Bir bakan olarak özel bir hayat özlemi çektiğini ve sinemanın sonunda onun sığınağı haline geldiğini itiraf etti. "Her zaman yanımda olan bir korumam vardı. Otele giderdim, koruma beni bırakır ve uyurdum. Mümkün olan en kısa sürede kot pantolon ve tişört giyip sinemaya giderdim. Lizbon'da, Avenidas'ta Quarteto […] adında bir sinema vardı ve bazen saat onda bir gösterime, bazen de gece yarısı bir gösterime giderdim," dedi.
Bakanlık görevinden ayrıldıktan sonra, zamanın testinden geçmiş ifadeleri ve karikatürleri fotoğraflamak için birkaç kez sokağa çıkmadan duramadı. António Barreto, Pinheiro de Azevedo'nun son geçici hükümetinde yer aldı ve daha sonra Mário Soares liderliğindeki ilk anayasal hükümete katılmaya davet edildi.
Birleşmiş Milletler'de çalıştıktan sonra Ticaret ve Turizm Bakanlığı'nı devraldı, daha sonra Tarım Bakanlığı'nı aldı, ancak bazı şartlar koydu. Başbakan Mário Soares'e, mevcut yasanın "ne işe yaradığını ne de işe yaradığını" söyleyerek yeni bir tarım reformu yasası oluşturmak istediğini söyledi.
Öte yandan, Tarım Reformu ve Tarımsal Kalkınma Bakanlıkları'na sırasıyla Carlos Portas (bağımsız) ve António Campos'u (PS) seçti. "Göreve başladıktan birkaç gün sonra, televizyonda yeni bir tarım reformu yasası çıkaracağımızı duyurdum. Bu, o zamanlar siyasi ortamı biraz sarstı, ancak yapılması gereken doğru şeydi. Yasanın baştan aşağı revize edilmesi gerektiğinden hiç şüphem yoktu," diye savundu.
Barreto'ya göre, iyi çalışan ve yatırım yapanları ödüllendirmek ve sahiplerinin elinde kalan rezervi tanımlamak gerekiyordu.
Eylül 1977 tarihli yasa, tarım reformu sürecini düzenlemeyi, mülklerin eski sahiplerine veya mirasçılarına iadesi için koşulları yapılandırmayı ve tazminatın önünü açmayı amaçlıyordu.
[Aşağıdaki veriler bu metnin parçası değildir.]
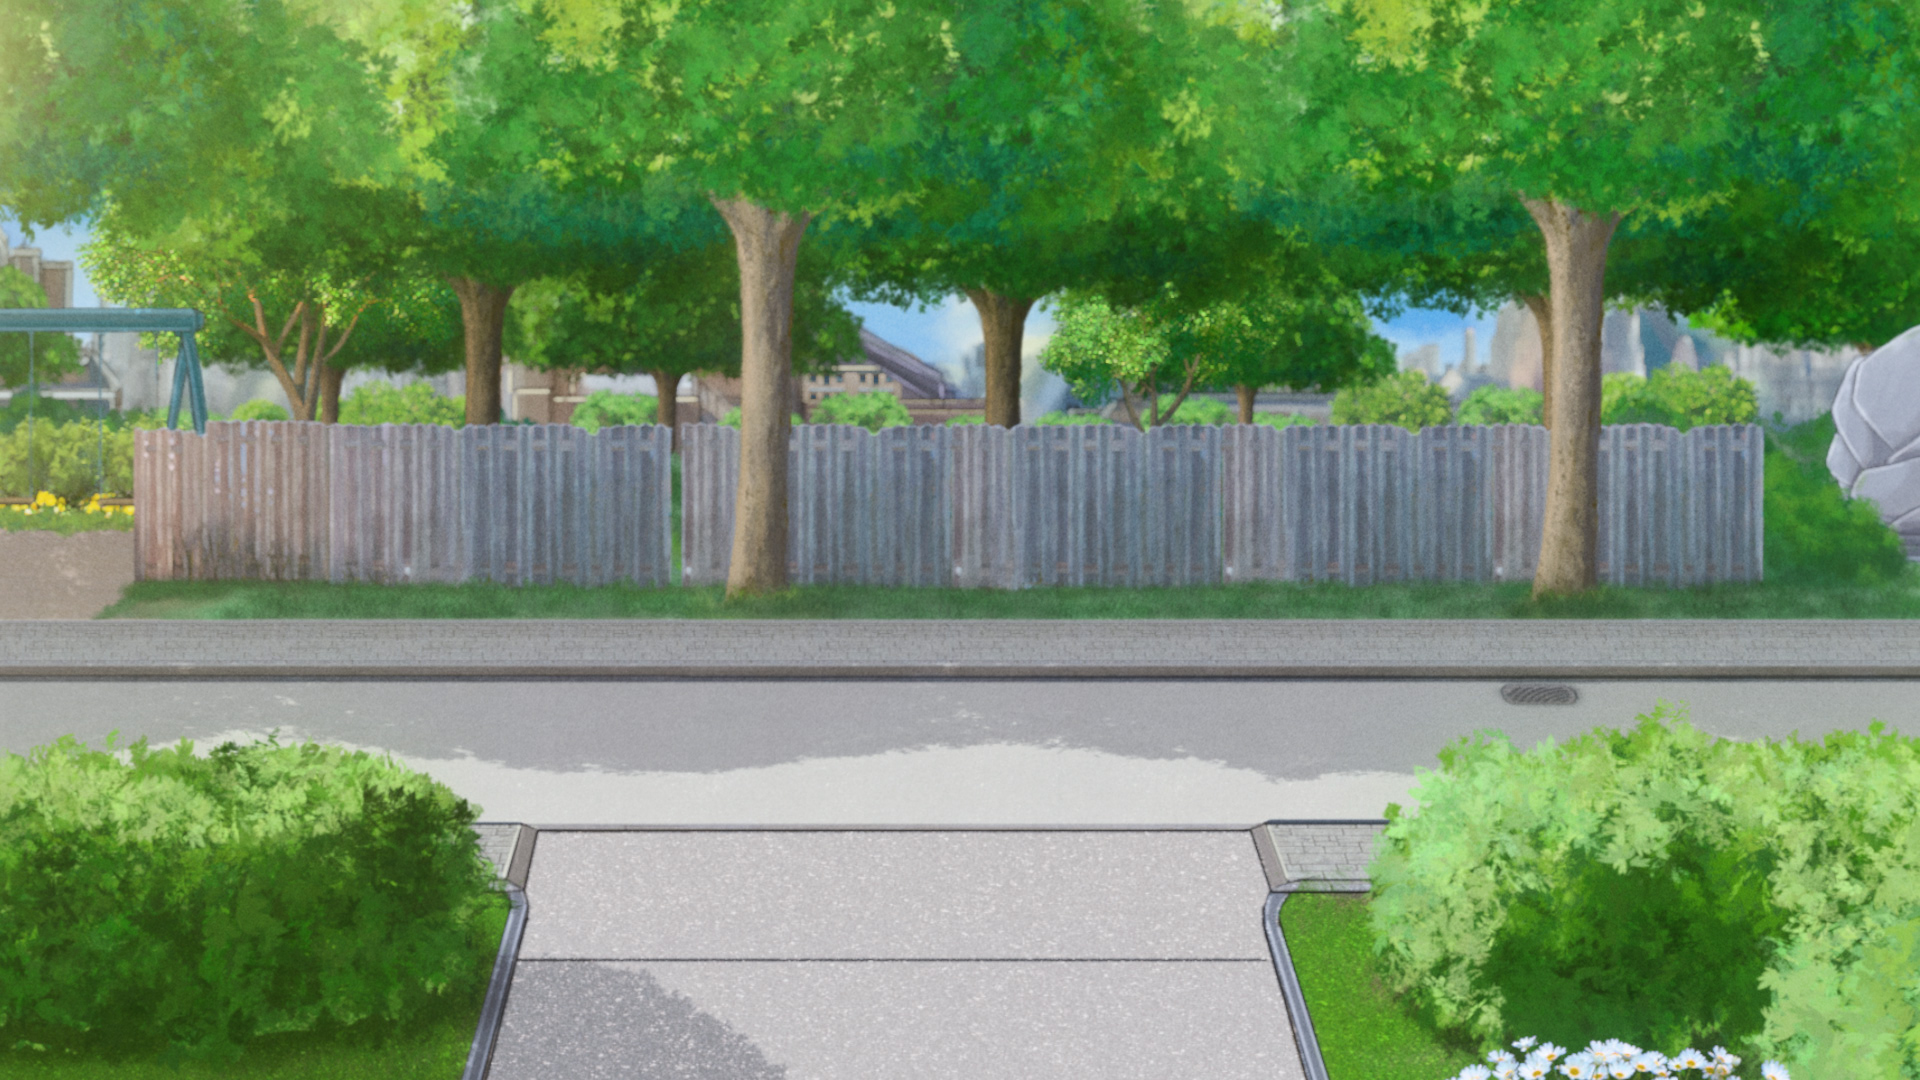 Outdoors Digital Art Nature Anime Grass Plants Trees Road Swings Outskirts 1920x1080

Ancak António Barreto, yeni yasanın Anayasa ile sınırlı olduğunu ve Anayasa'nın örneğin "A arazisi kötü ekildiği için kamulaştırıldı, B arazisi ise iyi ekildiği için kamulaştırılmadı" gibi bir tespite izin vermediğini kabul etti.
"Barreto Yasası" olarak adlandırılan yasanın anayasaya uygunluğu, Albay Melo Antunes başkanlığındaki Anayasa Komisyonu (o dönemde Anayasa Mahkemesi yoktu) tarafından değerlendirildi. Komisyon, yasayı "uzun günler" boyunca tartışıp ardından onayladı. Kamulaştırılan birçok araziyi bir araya getiren birçok UCP üyesi yasaya olumsuz tepki göstererek gösteriler düzenledi.
İşgallerde olduğu gibi, toprak iade süreci de genellikle barışçıl bir şekilde ilerledi. Ordunun ve özellikle Cumhuriyetçi Muhafızların (GNR) caydırıcı gücü yalnızca plastik veya tahta mermilerdi. Bazı toprak sahipleri, tarım reformundan 20-30 yıl sonra topraklarını geri aldılar.